Hodgson a fait confiance aux jeunes

Le grand public n’est pas dupe. Un sondage mené par ce même Times auprès de ses lecteurs faisait état d’une très large majorité (72%) en faveur du maintien de Hodgson. D’autres étaient plus hostiles à l’ancien entraîneur, c’est exact (50% d’opinions favorables pour The Independent, 32% seulement pour le Daily Mail), mais nous sommes très loin de l’irréparable cassure dont Graham Taylor ou Steve McClaren avaient fait les frais en d’autres temps. Chaque fois que l’Angleterre tombe et se blesse, on se précipite sur ce qui n’est pas un cadavre pour en faire l’autopsie. La scène aurait amusé Molière. Je ne parle pas du Malade imaginaire, mais plutôt des Sganarelles qui se précipitent à son chevet. On fait quoi? On saigne? On nettoie le clystère? Ce désarroi, répété au fil des compétitions, est devenu une constituante de la psyché du football anglais. Un brin de masochisme, un soupçon de haine de soi, une sorte de délectation perverse dans l’échec figurent immanquablement au menu.

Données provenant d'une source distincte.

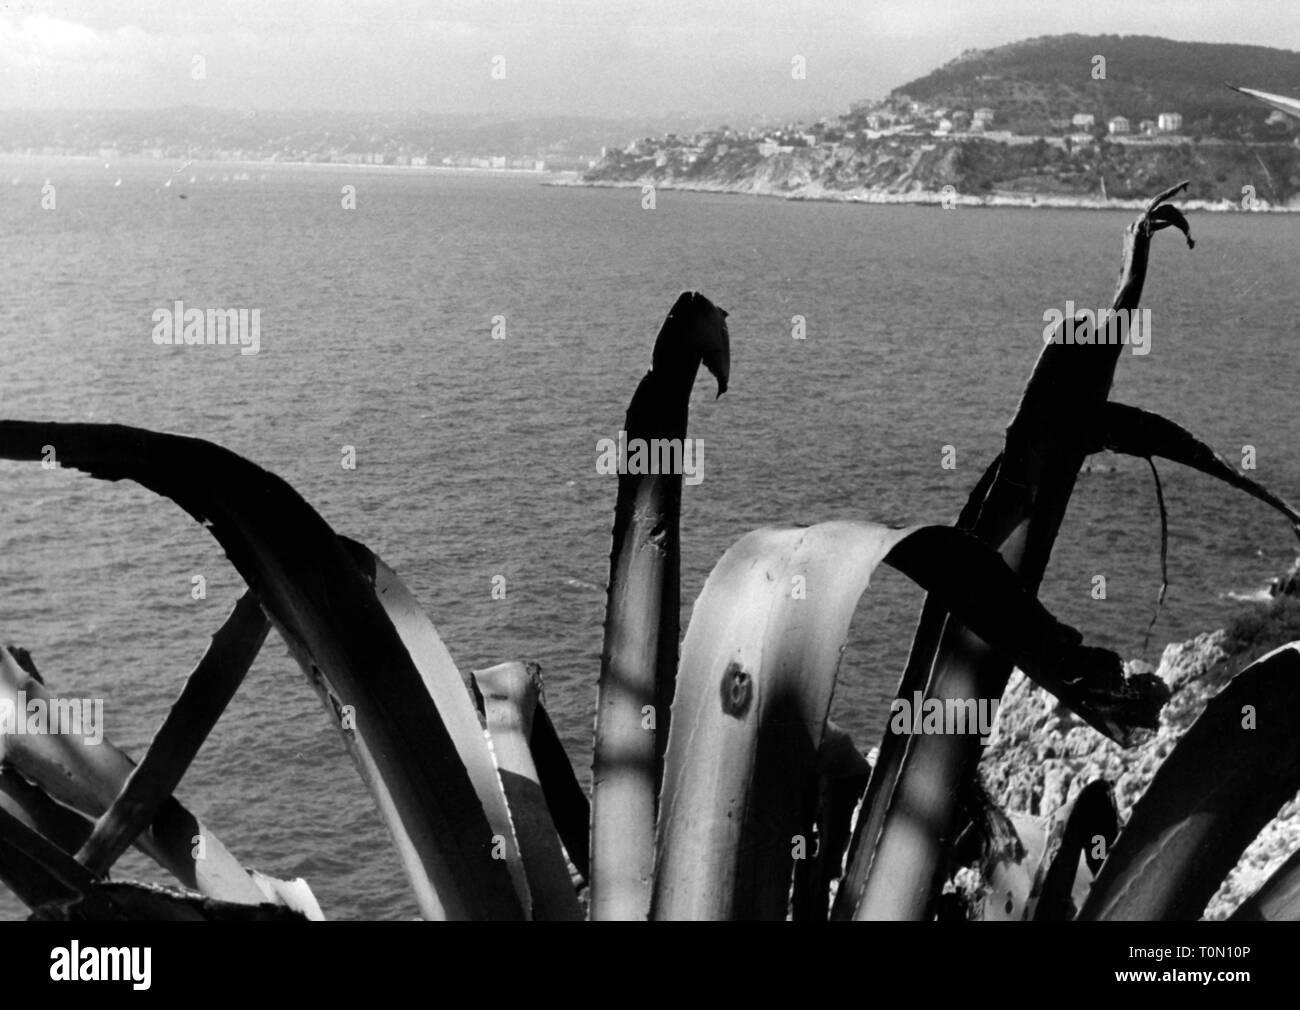 Geographie/Reisen, Monaco, Blick über das Meer, 1950er Jahre, Additional-Rights - Clearance-Info - Not-Available Stockbild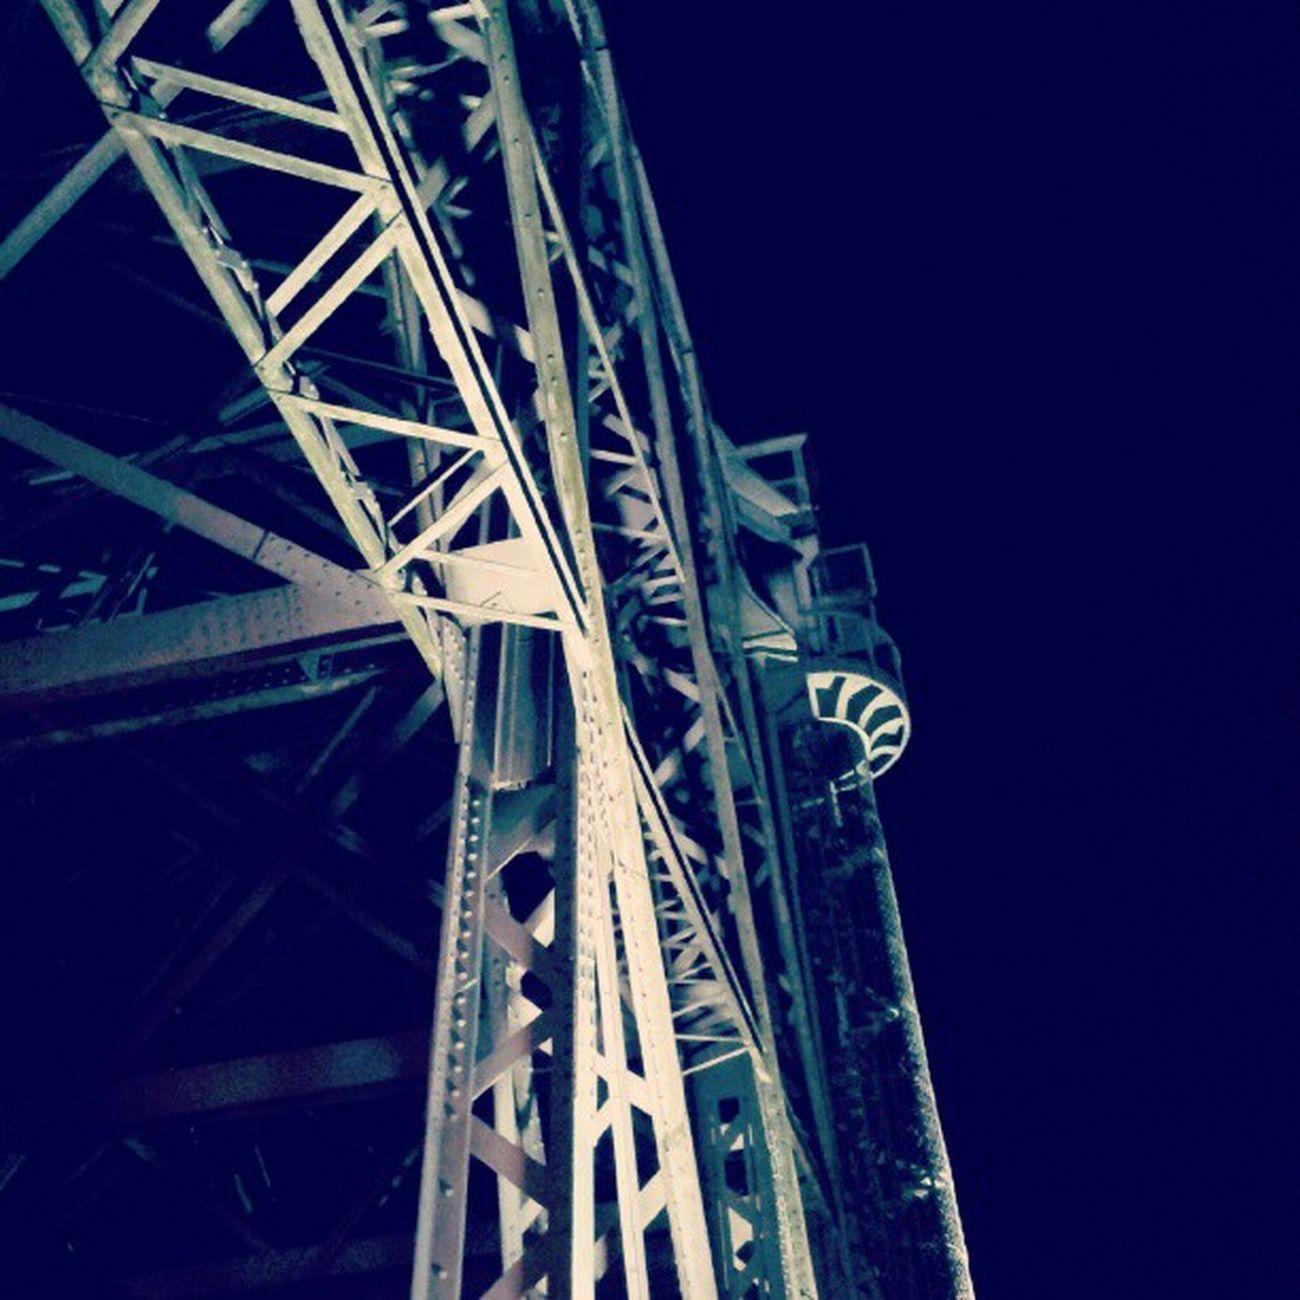 Blaues Wunder Dresden dis_dd #dresden #blaueswunder #bridge #steel #night #instagram #igers #ig #jj #instaretro #instamood #ink361 #blue #picoftheday #photographie #photooftheday #random Picoftheday Instamood Ig Igers Photographie  Jj  Ink361 Instaretro Night Blaueswunder Random Steel Bridge Blue Dresden Photooftheday Instagram

Il y a pourtant des motifs d’espérer. Hodgson et son staff ont eu le courage de "faire confiance aux jeunes". Ils ont su reconnaître que la raison exigeait de le faire, que l’Angleterre n’avait pas d’autre choix. Elle vit une transition qui, vu l’âge de ses joueurs actuels, ne s’achèvera peut-être qu’en 2018, qui n’est rien de moins qu’un bouleversement culturel. La déception est immense; elle l’est toujours ici, où le technicolor de 1966 perd chaque jour un peu plus de son acuité. Soyons patients. Sterling est un éclair. Barkley aussi (peut-être le plus vif), et il y en a d’autres. Comptons les secondes, comptons les années. Attendons le tonnerre, même s’il n’a pas résonné cette fois.